▸ Stored data:
▼▼▼

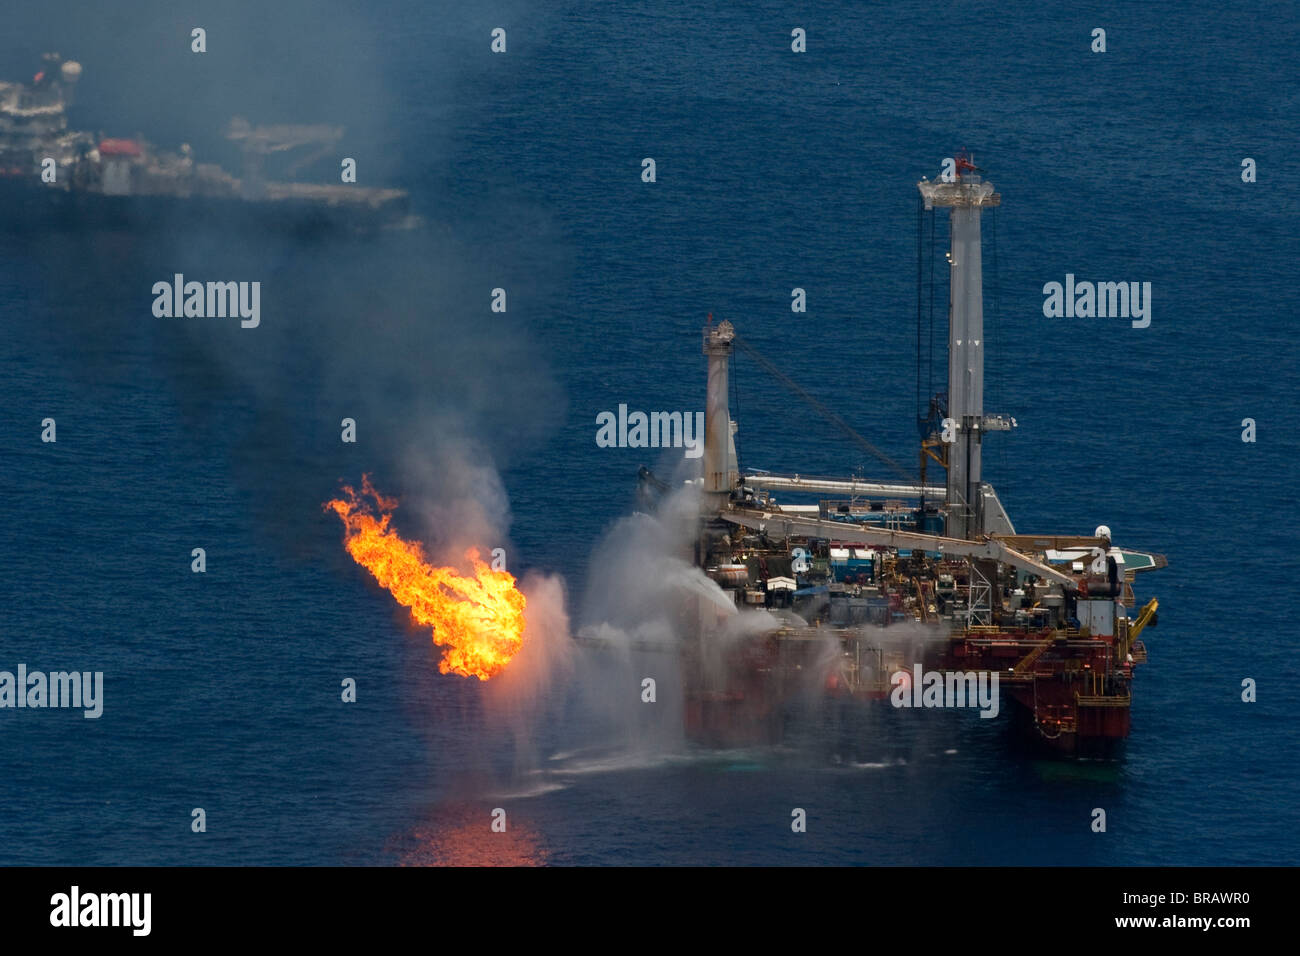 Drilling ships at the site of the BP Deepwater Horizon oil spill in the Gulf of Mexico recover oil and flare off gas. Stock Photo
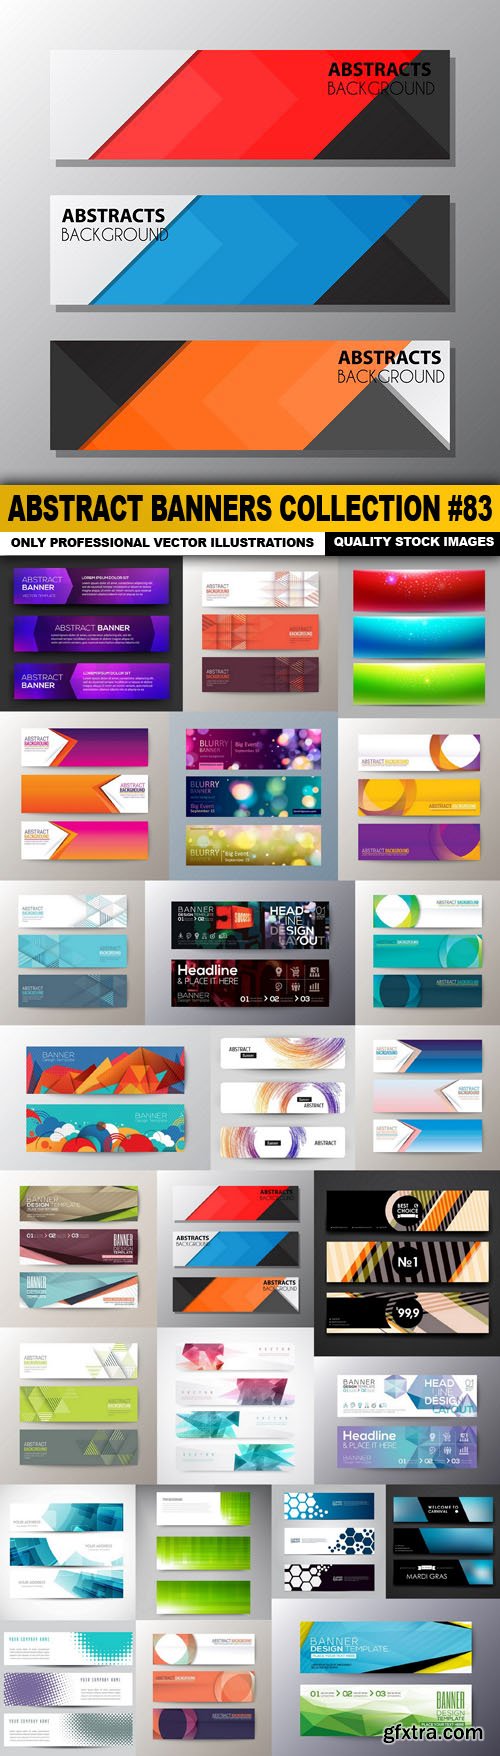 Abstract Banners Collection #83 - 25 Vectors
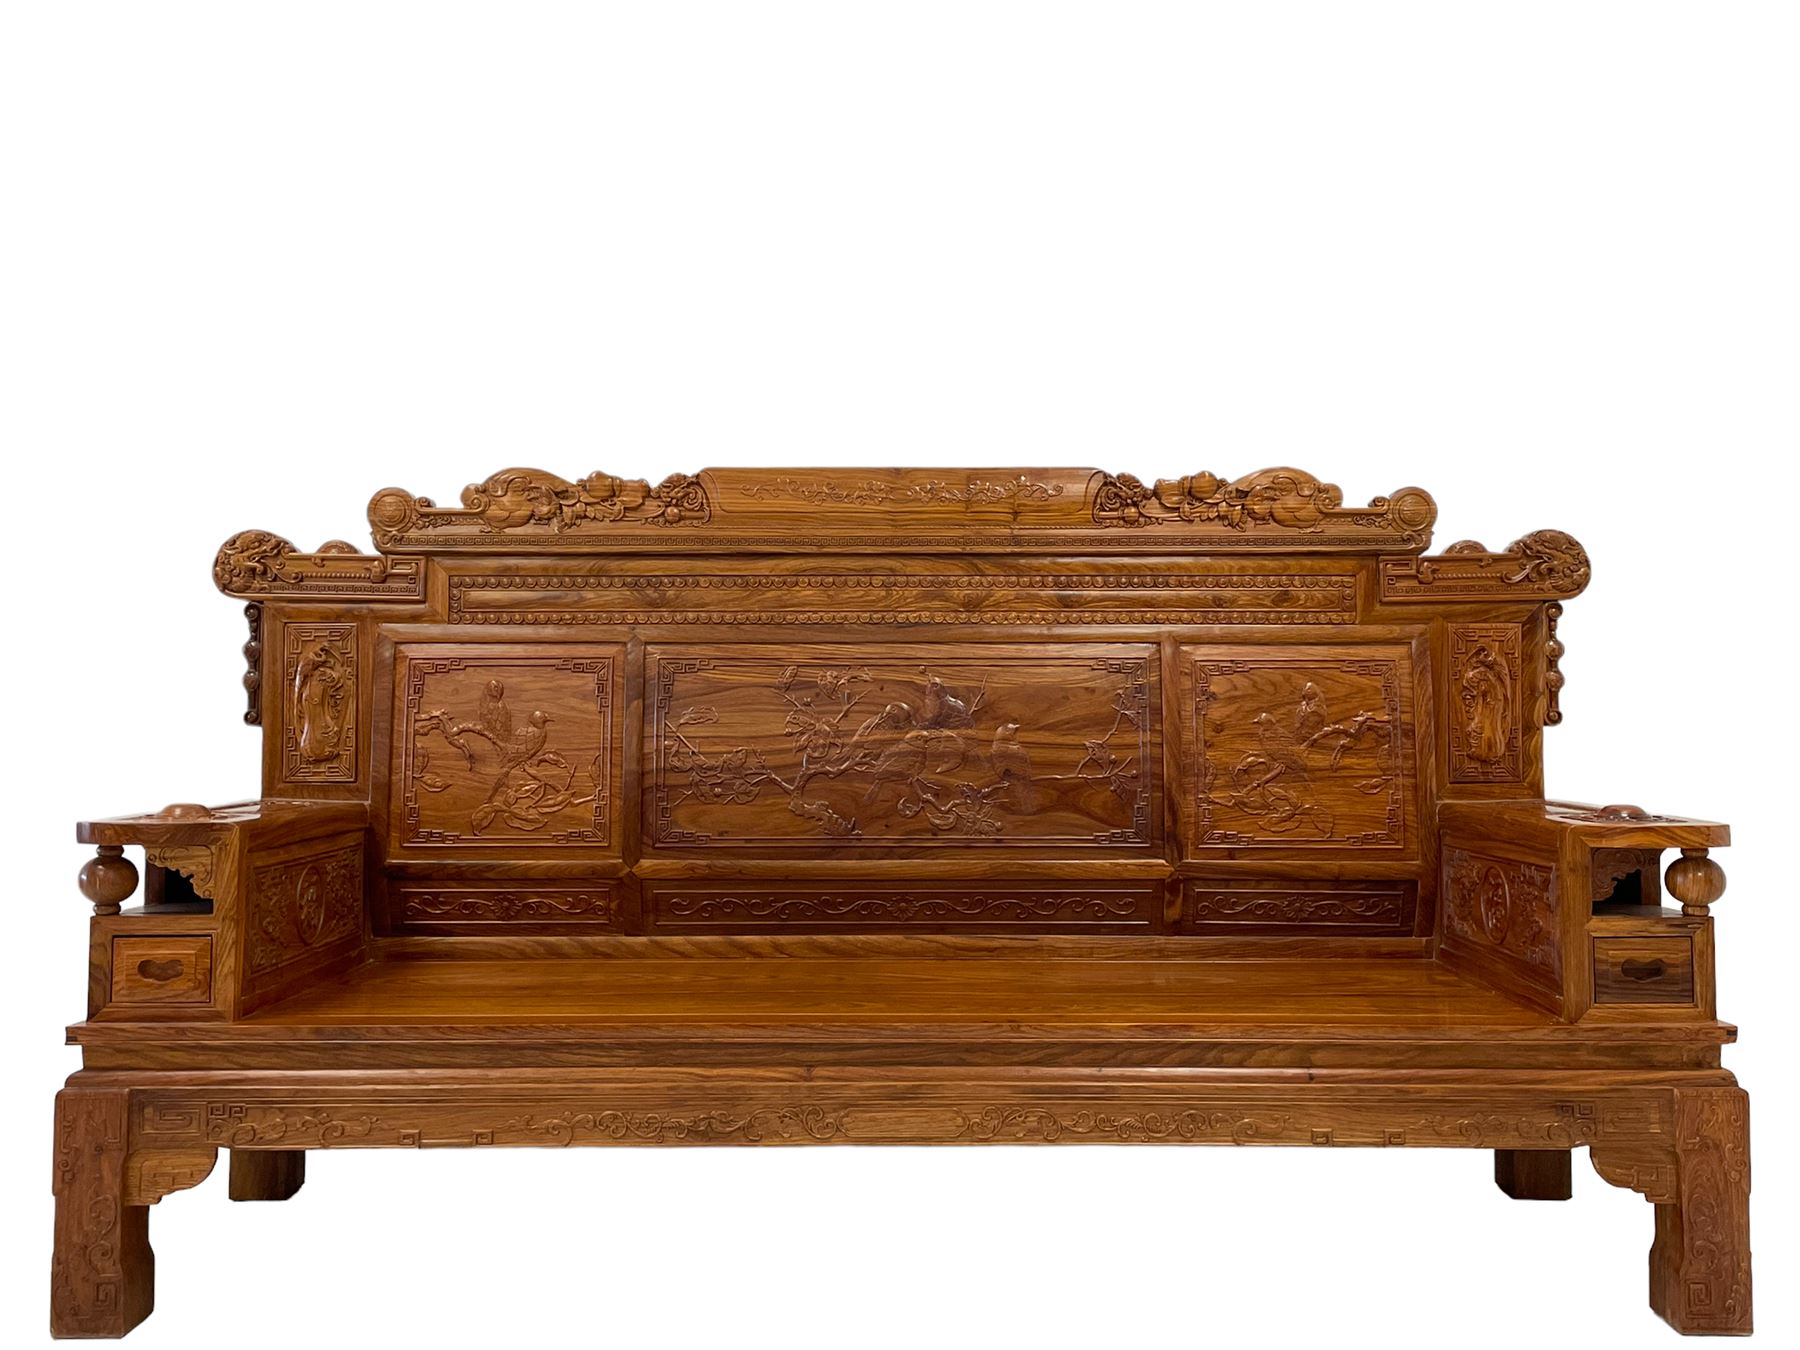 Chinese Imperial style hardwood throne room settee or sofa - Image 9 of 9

▲▲▲

▸ To do:
Retype the whole listing exactly and leave the pictures out.

▸ Output for this task:
 Drilling ships at the site of the BP Deepwater Horizon oil spill in the Gulf of Mexico recover oil and flare off gas. Stock Photo
 Abstract Banners Collection #83 - 25 Vectors
 Chinese Imperial style hardwood throne room settee or sofa - Image 9 of 9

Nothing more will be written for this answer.